Records from a dataset:
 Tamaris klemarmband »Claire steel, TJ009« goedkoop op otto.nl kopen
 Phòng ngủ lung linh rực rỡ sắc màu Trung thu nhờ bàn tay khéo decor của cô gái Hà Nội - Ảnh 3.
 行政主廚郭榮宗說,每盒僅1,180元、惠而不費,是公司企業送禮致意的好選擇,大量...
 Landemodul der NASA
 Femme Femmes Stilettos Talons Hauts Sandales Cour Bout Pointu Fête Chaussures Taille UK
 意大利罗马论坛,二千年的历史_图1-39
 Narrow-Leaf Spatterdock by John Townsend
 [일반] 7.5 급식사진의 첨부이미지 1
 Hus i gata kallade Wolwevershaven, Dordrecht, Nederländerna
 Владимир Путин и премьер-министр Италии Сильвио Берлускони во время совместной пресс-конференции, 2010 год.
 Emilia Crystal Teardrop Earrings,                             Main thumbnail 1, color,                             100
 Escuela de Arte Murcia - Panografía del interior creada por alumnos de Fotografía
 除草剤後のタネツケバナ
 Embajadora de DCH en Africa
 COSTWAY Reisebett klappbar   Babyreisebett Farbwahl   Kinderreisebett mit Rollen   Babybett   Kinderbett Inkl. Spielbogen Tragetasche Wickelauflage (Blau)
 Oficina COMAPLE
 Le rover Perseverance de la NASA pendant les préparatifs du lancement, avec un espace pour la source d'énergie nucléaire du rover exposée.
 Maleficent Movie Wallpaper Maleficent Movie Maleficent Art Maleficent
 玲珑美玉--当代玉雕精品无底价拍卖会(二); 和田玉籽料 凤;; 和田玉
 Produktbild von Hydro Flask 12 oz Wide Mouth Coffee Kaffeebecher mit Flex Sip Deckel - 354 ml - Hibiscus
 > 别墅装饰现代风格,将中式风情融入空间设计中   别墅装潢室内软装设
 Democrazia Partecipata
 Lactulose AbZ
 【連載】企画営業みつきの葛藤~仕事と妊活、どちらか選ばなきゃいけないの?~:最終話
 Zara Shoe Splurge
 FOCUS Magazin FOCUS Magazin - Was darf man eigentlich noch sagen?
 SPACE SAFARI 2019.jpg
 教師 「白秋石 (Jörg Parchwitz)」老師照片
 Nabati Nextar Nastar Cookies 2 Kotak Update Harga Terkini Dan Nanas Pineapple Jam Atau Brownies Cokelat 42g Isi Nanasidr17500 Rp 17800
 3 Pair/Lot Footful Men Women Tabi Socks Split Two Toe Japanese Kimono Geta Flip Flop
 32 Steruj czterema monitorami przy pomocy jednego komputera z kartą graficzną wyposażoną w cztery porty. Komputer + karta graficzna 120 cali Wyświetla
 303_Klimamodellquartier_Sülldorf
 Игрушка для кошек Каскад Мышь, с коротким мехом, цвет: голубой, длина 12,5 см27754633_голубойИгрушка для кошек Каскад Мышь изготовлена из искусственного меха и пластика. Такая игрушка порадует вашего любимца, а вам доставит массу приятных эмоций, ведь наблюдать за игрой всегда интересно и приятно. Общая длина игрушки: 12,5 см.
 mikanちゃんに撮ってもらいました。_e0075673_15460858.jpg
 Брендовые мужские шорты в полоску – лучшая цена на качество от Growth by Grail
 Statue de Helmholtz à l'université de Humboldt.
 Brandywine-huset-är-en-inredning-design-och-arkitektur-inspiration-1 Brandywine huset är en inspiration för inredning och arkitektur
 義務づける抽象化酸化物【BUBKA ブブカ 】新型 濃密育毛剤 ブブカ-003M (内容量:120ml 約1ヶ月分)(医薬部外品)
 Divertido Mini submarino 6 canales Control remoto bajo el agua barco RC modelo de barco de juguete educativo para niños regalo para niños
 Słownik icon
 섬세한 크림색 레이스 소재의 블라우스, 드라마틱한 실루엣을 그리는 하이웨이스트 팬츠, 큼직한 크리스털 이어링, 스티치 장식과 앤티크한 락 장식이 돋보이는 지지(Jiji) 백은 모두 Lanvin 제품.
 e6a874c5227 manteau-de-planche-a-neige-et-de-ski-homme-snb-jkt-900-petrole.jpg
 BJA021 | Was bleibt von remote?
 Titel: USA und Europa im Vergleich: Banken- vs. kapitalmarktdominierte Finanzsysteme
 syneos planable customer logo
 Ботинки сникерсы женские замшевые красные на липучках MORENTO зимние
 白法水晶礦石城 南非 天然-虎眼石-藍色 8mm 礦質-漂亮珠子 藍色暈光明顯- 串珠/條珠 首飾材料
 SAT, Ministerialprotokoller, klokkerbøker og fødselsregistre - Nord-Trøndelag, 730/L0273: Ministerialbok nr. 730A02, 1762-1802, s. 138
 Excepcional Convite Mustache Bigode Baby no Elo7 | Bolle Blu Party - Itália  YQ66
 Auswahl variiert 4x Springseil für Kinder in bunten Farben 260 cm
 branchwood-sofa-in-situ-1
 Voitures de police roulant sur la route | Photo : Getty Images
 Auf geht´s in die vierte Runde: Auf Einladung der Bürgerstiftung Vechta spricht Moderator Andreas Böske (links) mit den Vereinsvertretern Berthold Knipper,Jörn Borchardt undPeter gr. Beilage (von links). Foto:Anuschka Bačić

> Work required
For this exercise, output exactly the lines above from the line with "Ботинки сникерсы женские" to the line with "SAT, Ministerialprotokoller, klokkerbøker", counting both, and leave out the rest.

> Solved problem
 Ботинки сникерсы женские замшевые красные на липучках MORENTO зимние
 白法水晶礦石城 南非 天然-虎眼石-藍色 8mm 礦質-漂亮珠子 藍色暈光明顯- 串珠/條珠 首飾材料
 SAT, Ministerialprotokoller, klokkerbøker og fødselsregistre - Nord-Trøndelag, 730/L0273: Ministerialbok nr. 730A02, 1762-1802, s. 138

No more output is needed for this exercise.